- Spouse: Lucian B. Price
- Occupation: philanthropist

= Katherine E. Price =

American philanthropist

Katherine E. Price was an American philanthropist and patroness of various Catholic institutions. In 1936, Pope Pius XI granted her the rank of papal countess.

== Biography ==
Price was the wife of Lucian B. Price. After her husband's death, she became an active philanthropist, funding the construction of Catholic churches, schools, and other institutions in the United States. She was a distant cousin of Bishop Eugene J. McGuinness. A patroness of the Roman Catholic Diocese of Amarillo, Price donated funds to St. George's College to prevent the school from closing.
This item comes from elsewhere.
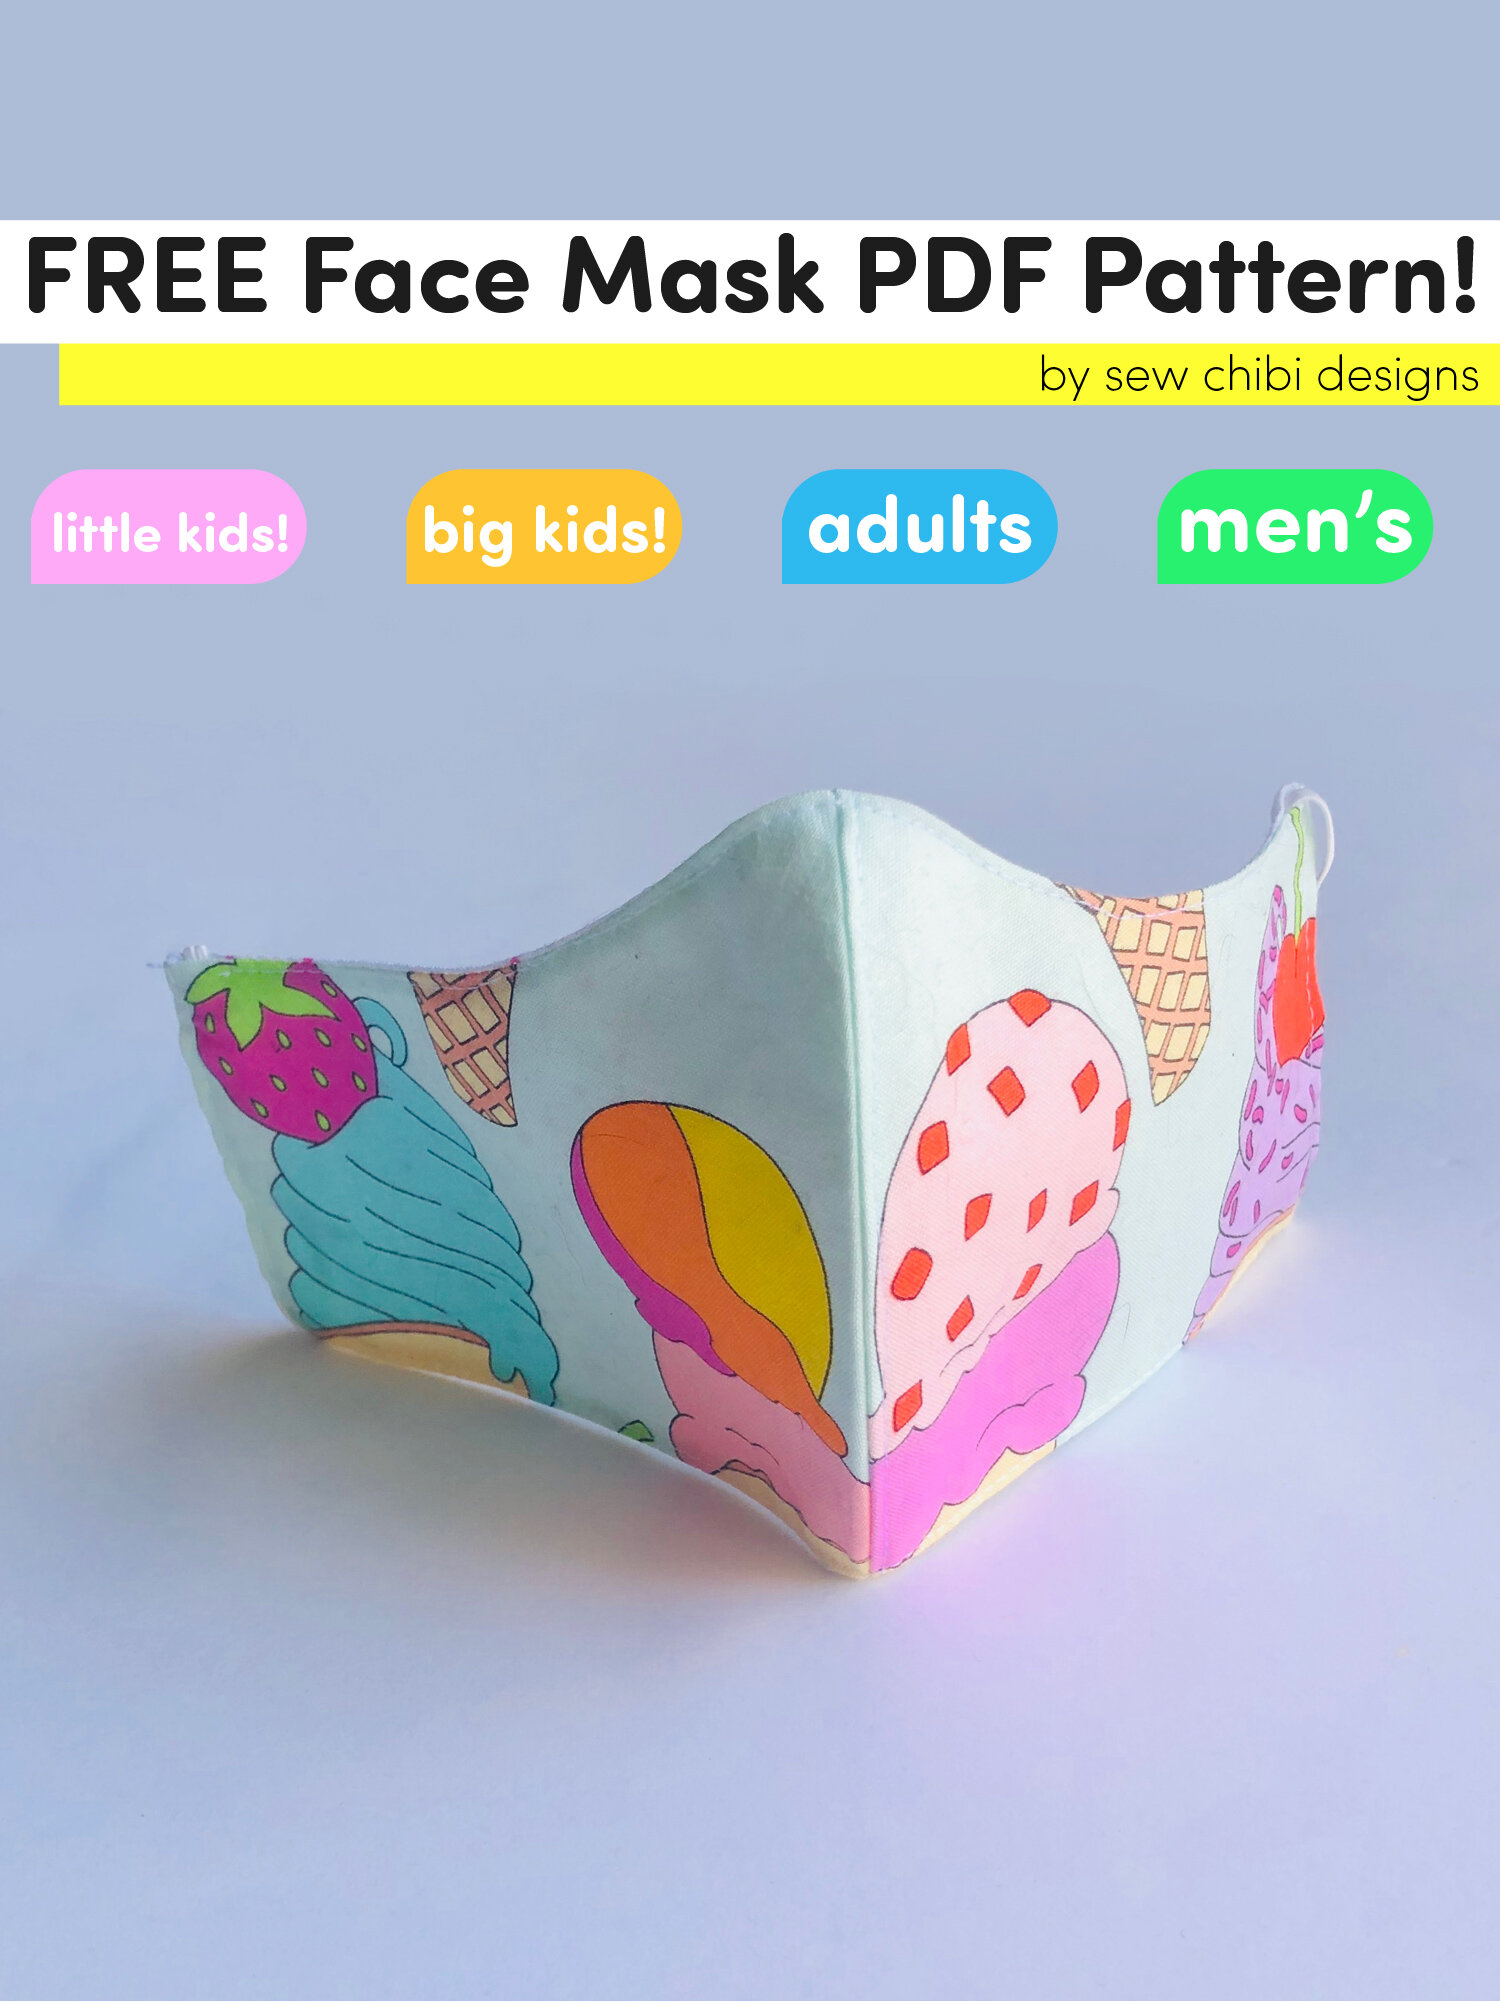 Star Wars Inspired Face Masks Sew Chibi Designs

It was renamed the Price Memorial College in honor of her late husband. Price traveled from her home in Greenwich, Connecticut, to Texas for the dedication ceremony. Price was also responsible for funding the construction of St. Elizabeth's Catholic Church in Lubbock, Texas, St. Catherine of Siena Catholic Church in Pauls Valley, Oklahoma, and St. Catherine of Siena Catholic Church in Wake Forest, North Carolina. The latter two churches were named after Price's patron saint, Catherine of Siena.

In April 1936, Price was elevated into the Nobility of the Holy See and made a papal countess by Pope Pius XI.